BACKGROUND: Alcohol use disorder (AUD) significantly affects over 200 health conditions, causing about 3 million deaths annually worldwide and is approximately 50 % heritable.

METHODS: We conducted a genome-wide association study (GWAS) on self-reported alcohol consumption and alcohol-related challenges (AUDIT score) in a large East Slavs cohort (N = 41,575). Genetic correlations with diverse phenotypes were assessed, and a polygenic risk score (PRS) for alcohol use disorder (AUD) was built and tested in an independent clinical cohort. GWAS and PRS associations were validated across various genetic ancestries.

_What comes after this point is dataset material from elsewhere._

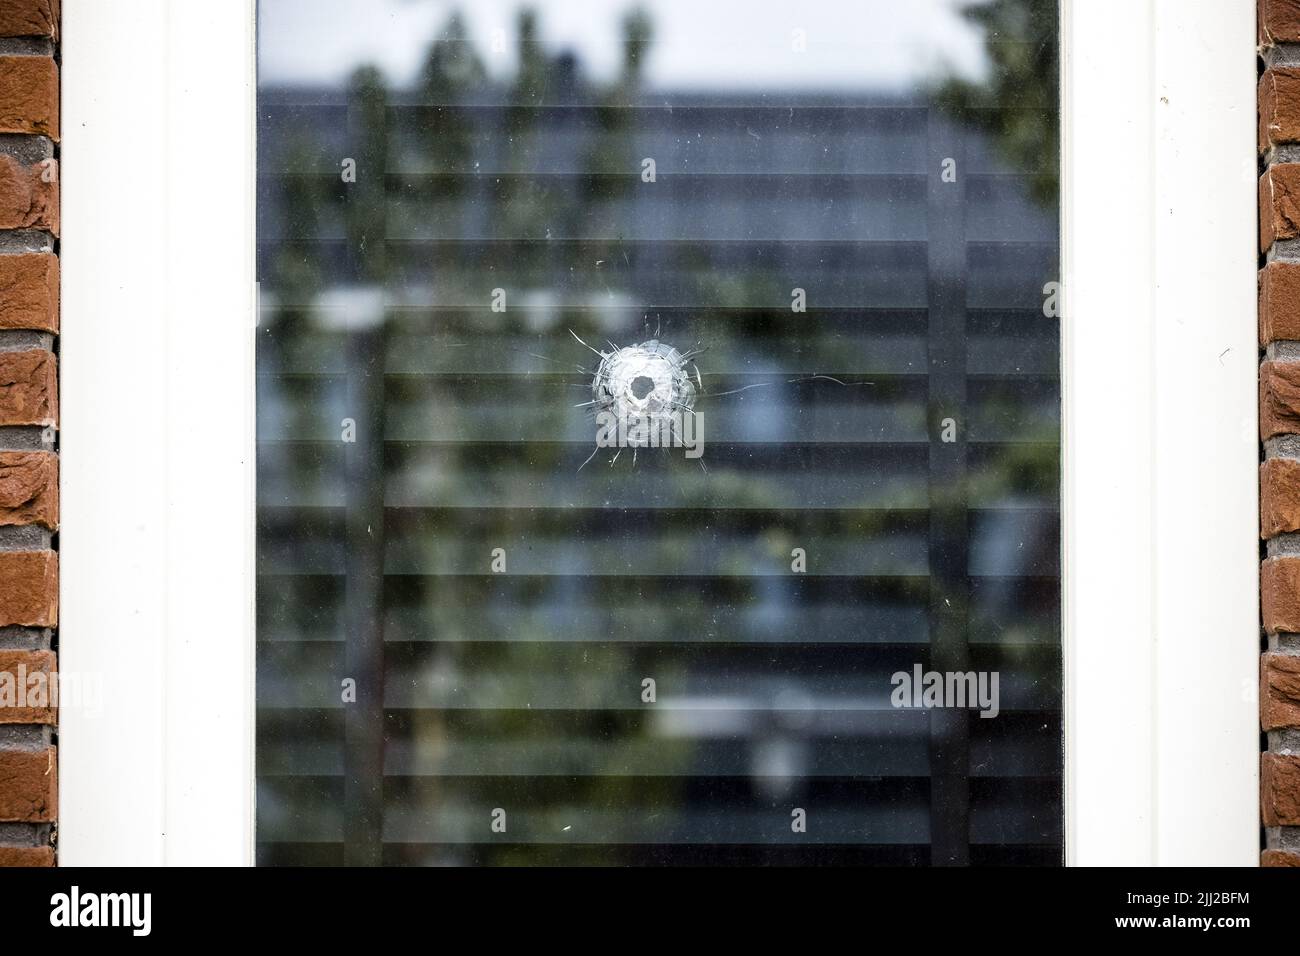 2022-07-22 17:05:31 OSS - A bullet hole in a window on the Veekraal before a shooting took place. For the fourth time in a row, a house in a residential area in Oss has been shot at. The police suspect that there is a relationship between the houses that were shot at and the people who live there. ANP ROB ENGELAAR netherlands out - belgium out Stock Photo
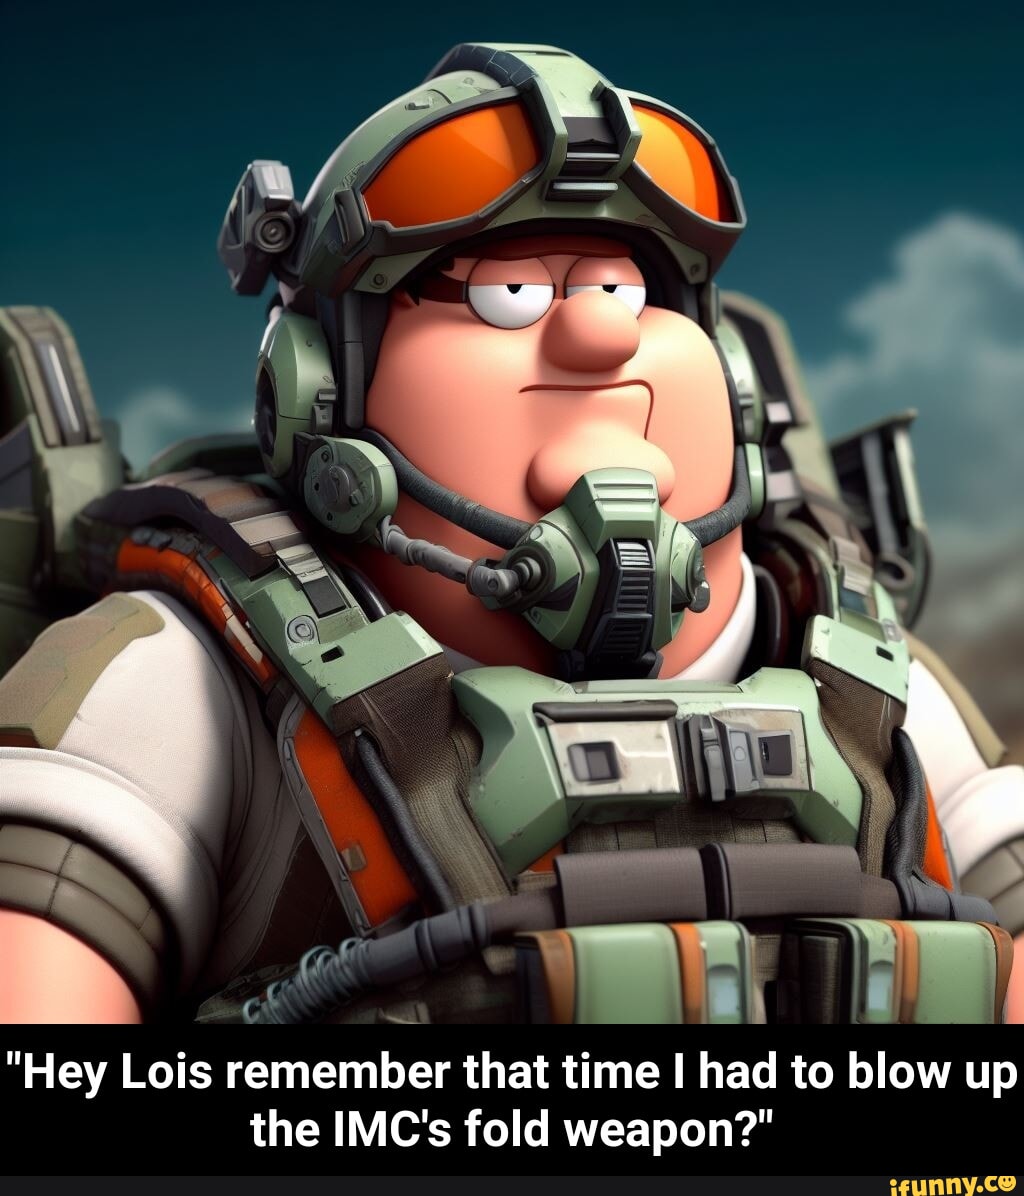 Hey Lois remember that time I had to blow up the IMC's fold weapon? - Hey  Lois remember that time I had to blow up the IMC's fold weapon? - iFunny  Brazil

RESULTS: The East Slavs GWAS identified a highly significant association (p = 2.5 ×10-18) between the rs1229984 SNP and AUD. Transancestral modeling revealed significant associations in Ashkenazi Jews, Tatars, Siberian, and other populations. Additional subthreshold associations (p < 10-6) were found in SNPs within KIF26, OCA2, DLGAP2, and miRNA AL161421 gene regions. SNP-based heritability was estimated at hg = 6.4 % (SE = 1.1 %). Genetic correlation analysis revealed the strongest positive associations with psychiatric traits. We trained the PRS using external summary statistics and individual-level genomic data from our cohort (R2 = 0.013). It outperformed other external PRSs included in the analysis. Validation in the independent clinical cohort showed an AUC of 0.6 (95 % CI = 0.56-0.64), and integrating PRS with non-genetic models increased the AUC by 1.33 %, resulting in 0.762 (p = 8 × 10⁻⁵).

CONCLUSIONS: Our findings suggest a genetic basis for AUD involving genes related to alcohol metabolism and the reward system. The applicability of the PRS across diverse genetic ancestries supports its integration into non-genetic prediction models, enhancing AUD prediction accuracy in diverse populations.